HWS News
30 August 2019 • Faculty • Research Writing About Screen Media
The world of screen media has changed fundamentally in the past decades, with films, TV shows, and video games distributed in digital formats and social media and other new media engaging our attention. Associate Professor of Media and Society Lisa Patti's new book, Writing About Screen Media, offers a comprehensive overview of how to write about many different screen media in a range of writing formats.
Patti points out that although there are books that discuss writing about film, she found few that focus on the broad variety of media that exist today. "I searched for a book that would guide students through the process of learning how to write about the many different media we study in the Media and Society program as well as the different kinds of writing our faculty ask students to produce from blogs to podcasts to video essays," she explains.

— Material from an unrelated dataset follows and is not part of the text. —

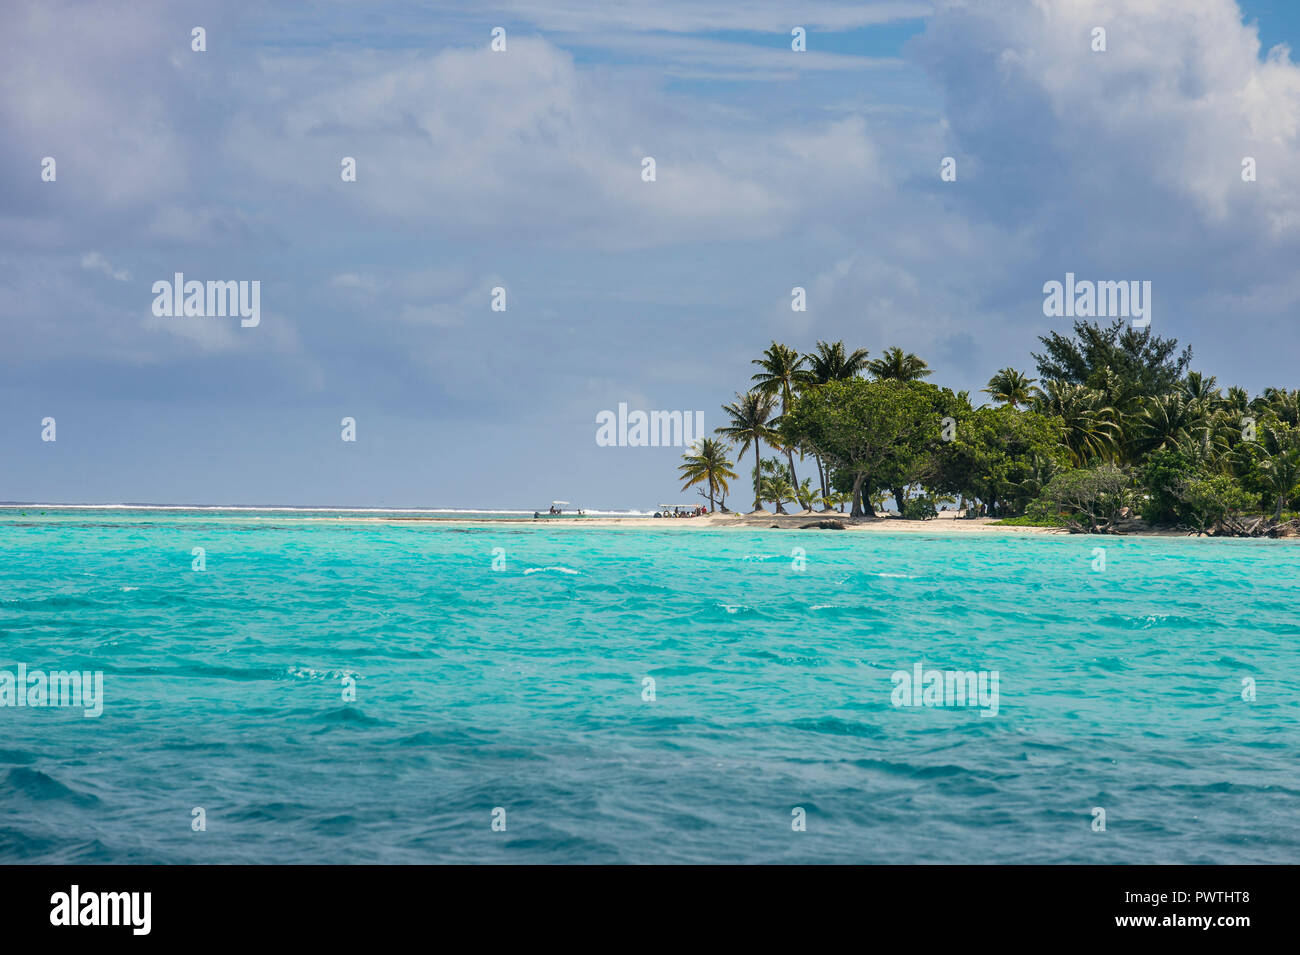 Motu isla en la laguna de color turquesa de Bora Bora, Französisch-Polynesien Foto de stock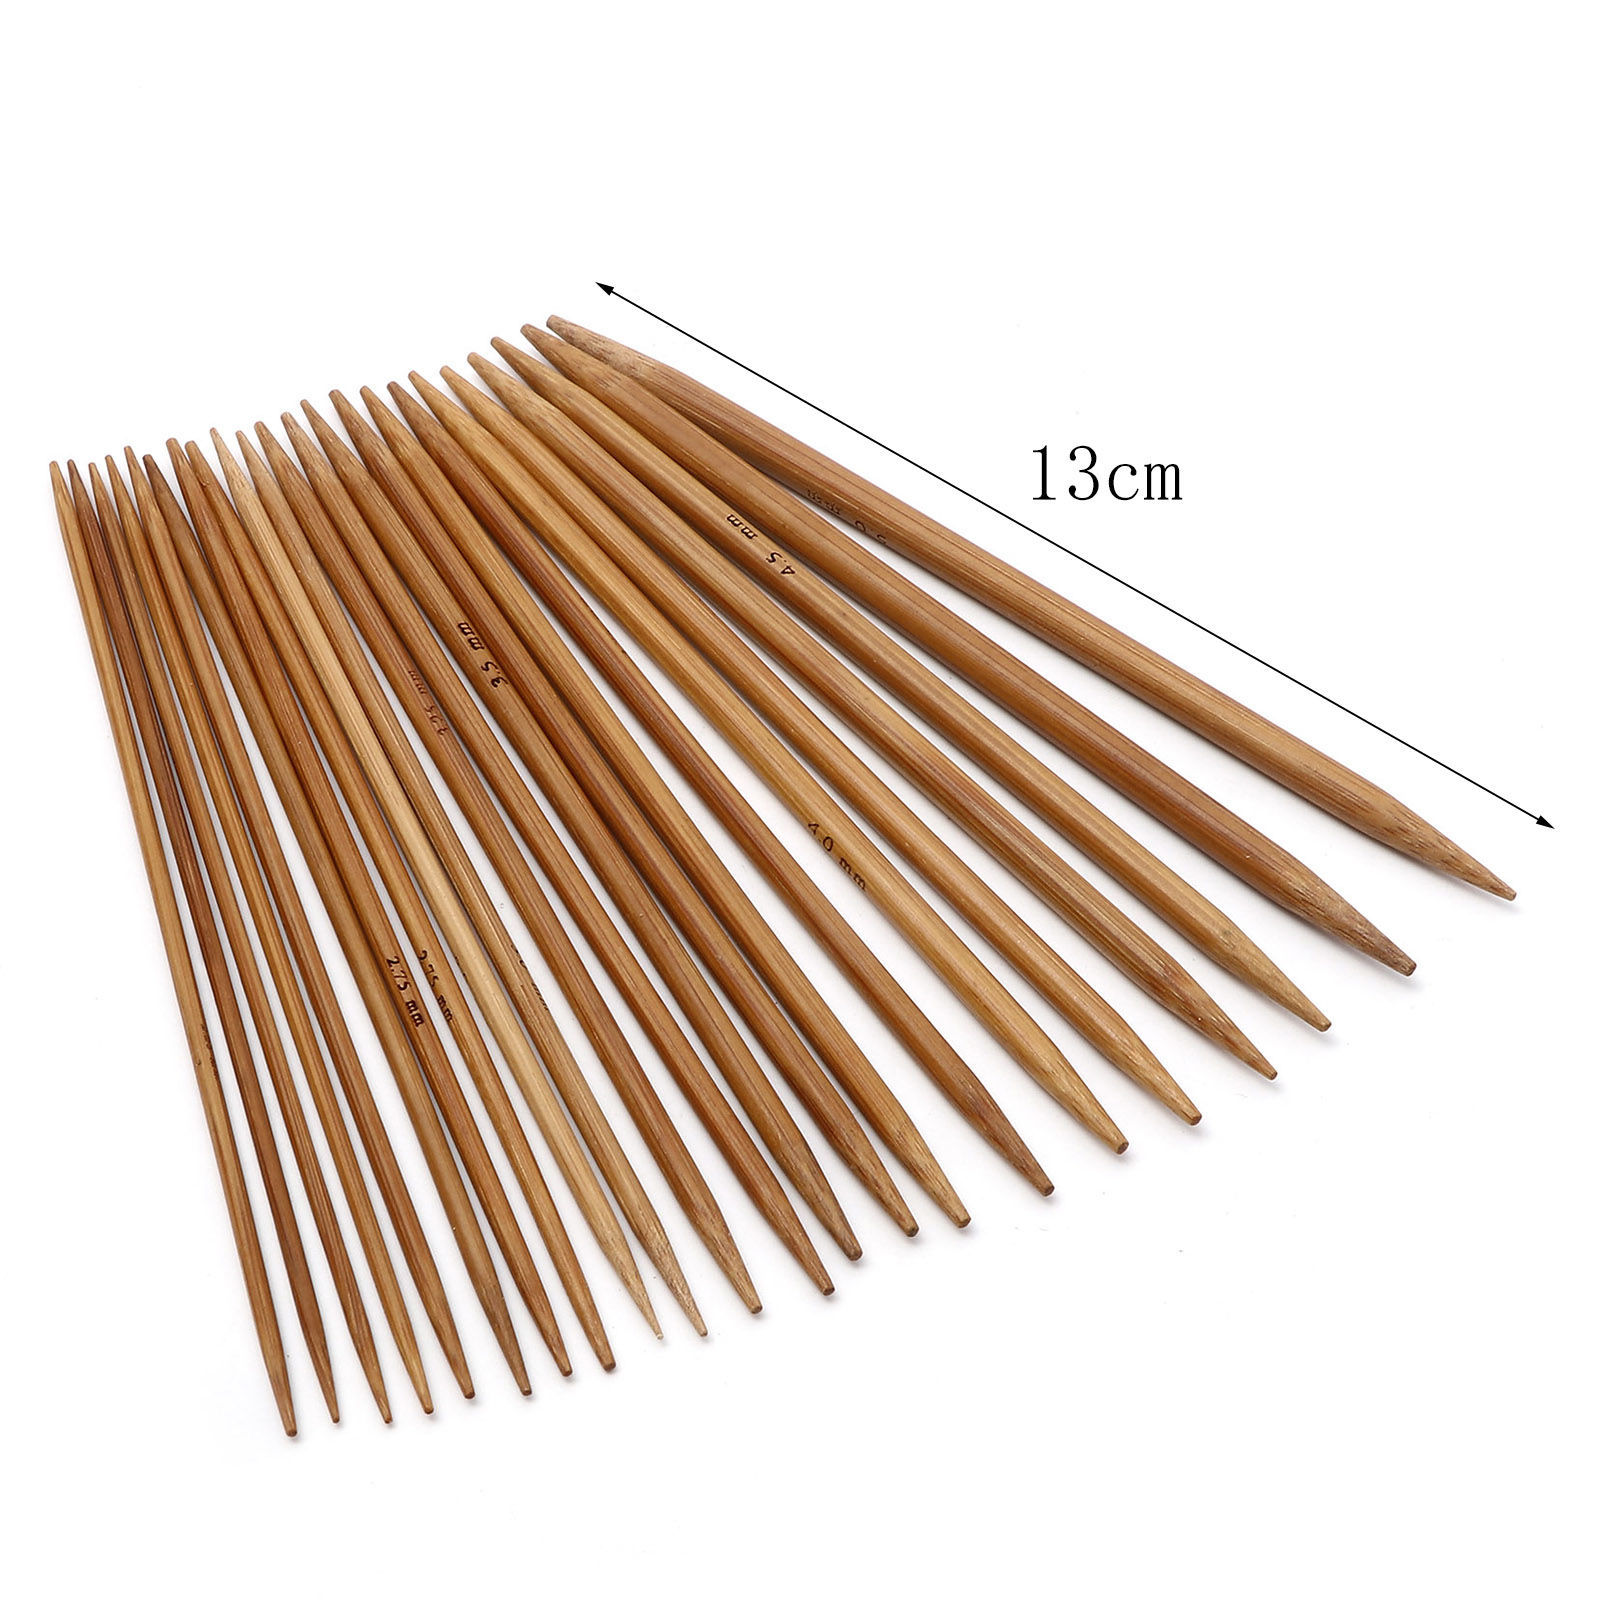 Bild von Bambus Stricknadel mit Doppelte Öse Braun 13cm lang, 5 Stücke

Writing About Screen Media aims to fill that void, with contributions from 41 media scholars, including Associate Professor of Media and Society Leah R. Shafer, who contributed a chapter on The Short, Sweet Art of Blurb Writing. In her summary of the chapter, Shafer explains that "it provides an introduction to the blurb as a purposive text that allows writers to curate, creatively cite, and appropriate the story and style of novels, films, video games, and other screen media for potential new consumers." The book includes the work of another faculty member, Professor of Art and Architecture Nicholas Ruth, who created the print Better than Ever (2017) featured as the book's cover.
Patti wrote a lengthy introduction that provides a critical framework for the books chapters and covers general principles of writing about media. "These include, for example, the importance of taking screening notes whether you are watching a film or reading a Twitter thread," she says.
"One of the unusual aspects of the book," notes Patti, "is the audience for whom it is intended. It is pitched to two audiences simultaneously students who are learning to write about media for the first time and established scholars and critics who want to experiment with their writing."
Patti will use the book, which is available at The College Store and Amazon, as one of the texts for her Media and Society classes this semester. "I'm looking forward to introducing students to the ideas that the contributors present," she says. Patti also launched a companion website and blog for the book at https://www.writingaboutscreenmedia.net as a resource for students and teachers.
Patti, who joined the HWS community in 2011, earned her B.A., M.A. and Ph.D. from Cornell University. She is co-author (with Glyn Davis, Kay Dickinson and Amy Villarejo) of Film Studies: A Global Introduction (2015) and co-editor (with Tijana Mamula) of The Multilingual Screen: New Reflections on Cinema and Linguistic Difference (2016).